Sri Lanka imposes price controls to tackle food shortages
Sri Lanka imposed price controls on key foods Friday as the government stepped up the use of emergency powers to counter shortages.
Queues formed outside state-run supermarkets even before they opened to sell sugar seized from private dealers at new prices less than half of what was being charged on the open market on Thursday.
“There is no sugar available elsewhere,” moaned K. Perumal, 62, at the Sathosa store in Colombo’s Maligawatte area where he waited for his two kilogram (2.2 pound) quota.
“There are small children in my family, we need about six kilos of sugar a month,” he told AFP. “I have not been able to find milk at all.”
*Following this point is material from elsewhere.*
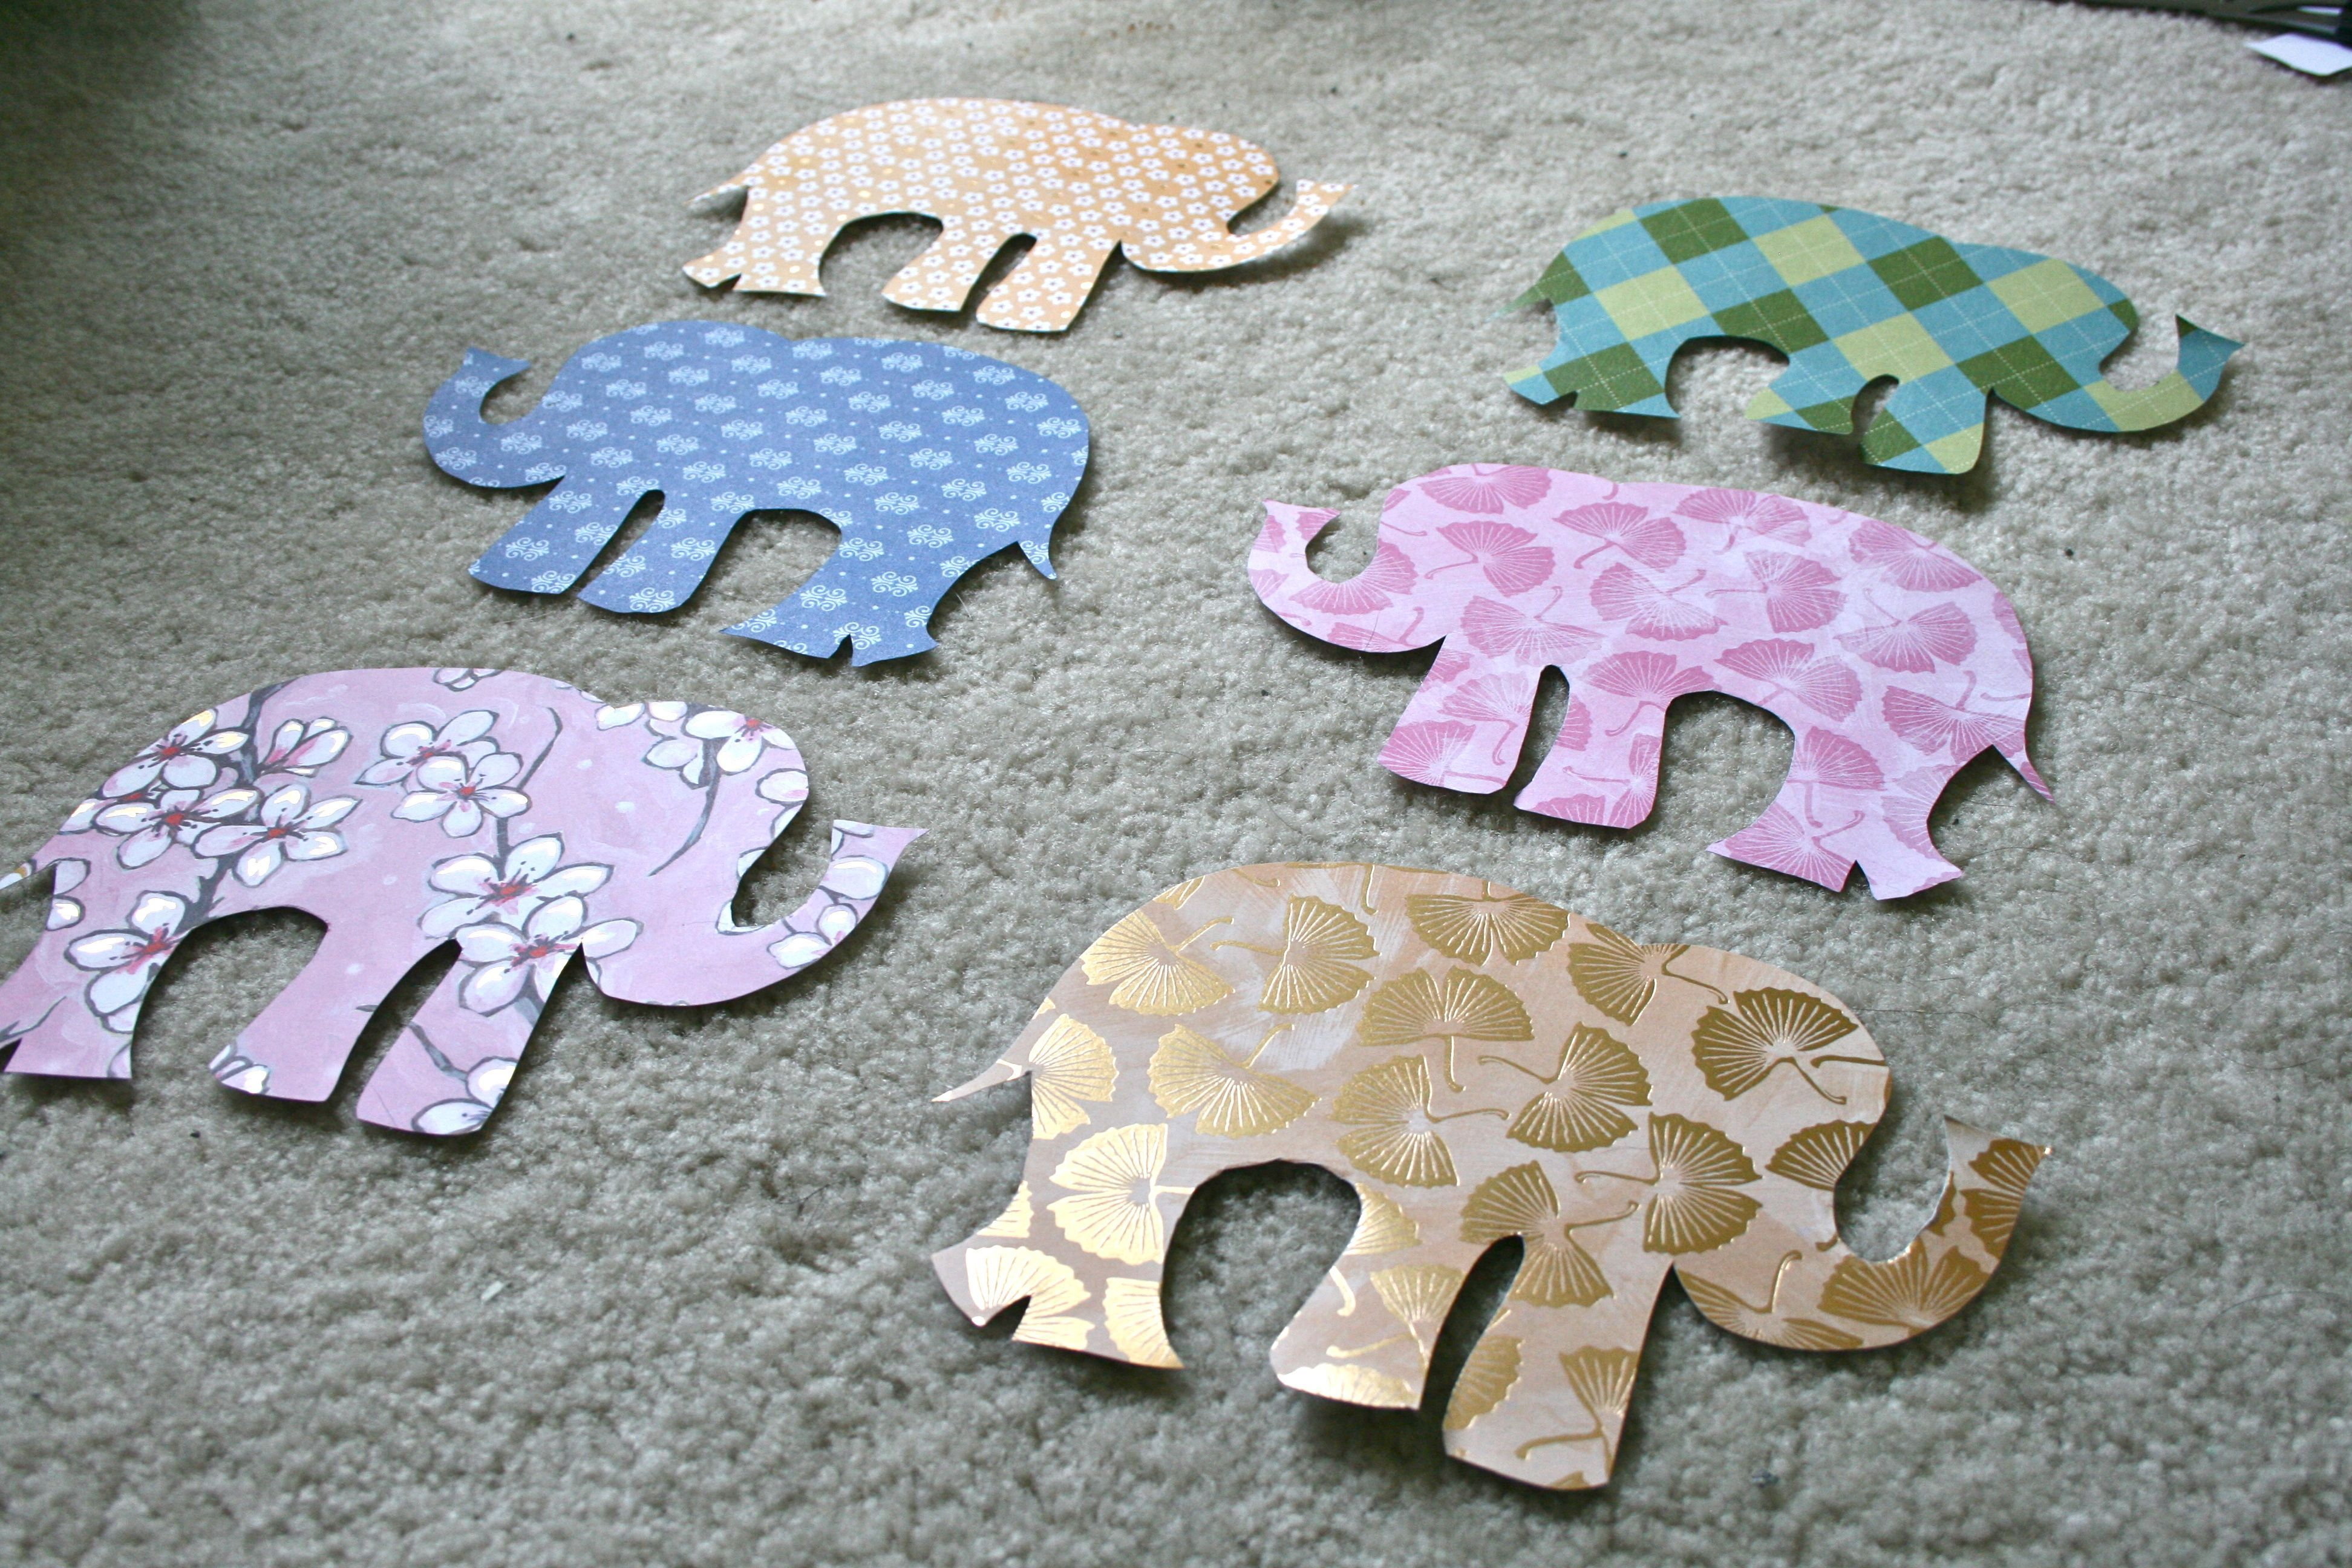 Pinspiration Monday: Elephant wall art | Pinterest | Garlands ...

Another shopper, N. Wijeratne said two kilos was not enough but added: “Rationing is good because it will let others also a chance to get some supplies.”
The government, which declared a state of emergency this week, imposed a maximum price of 125 rupees (62 US cents) for a kilo of sugar and 95 rupees for a kilo of white rice.
There have also been sharp price rises for rice, onions and potatoes. Long queues have also formed because of shortages of milk powder, kerosene oil and cooking gas.
Only government stores have been opening because of a nationwide coronavirus lockdown. Most other shops have only been engaged in online sales.
Experts have blamed the food crisis on a shortage of foreign exchange to import and maintain stocks.
The government has insisted the shortages were artificially created by traders profiting from the pandemic restrictions.
“Some fraudulent traders were hoarding essential food items such as paddy, rice and sugar in large quantities with the intention of selling them at higher prices,” the government said in a statement.
A military officer put in charge of efforts to bolster food stocks said more than 32,000 tonnes of sugar were found in raids on private warhouses carried out on Wednesday and Thursday.
The coronavirus pandemic has badly hit Sri Lanka’ tourism dependent economy which shrank by a record 3.6 percent in 2020.
The government last year banned imports of vehicles and other items, including edible oils and the widely used spice turmeric in a bid to save foreign currency.
Importers still say they have been unable to source dollars to pay for food and medicines.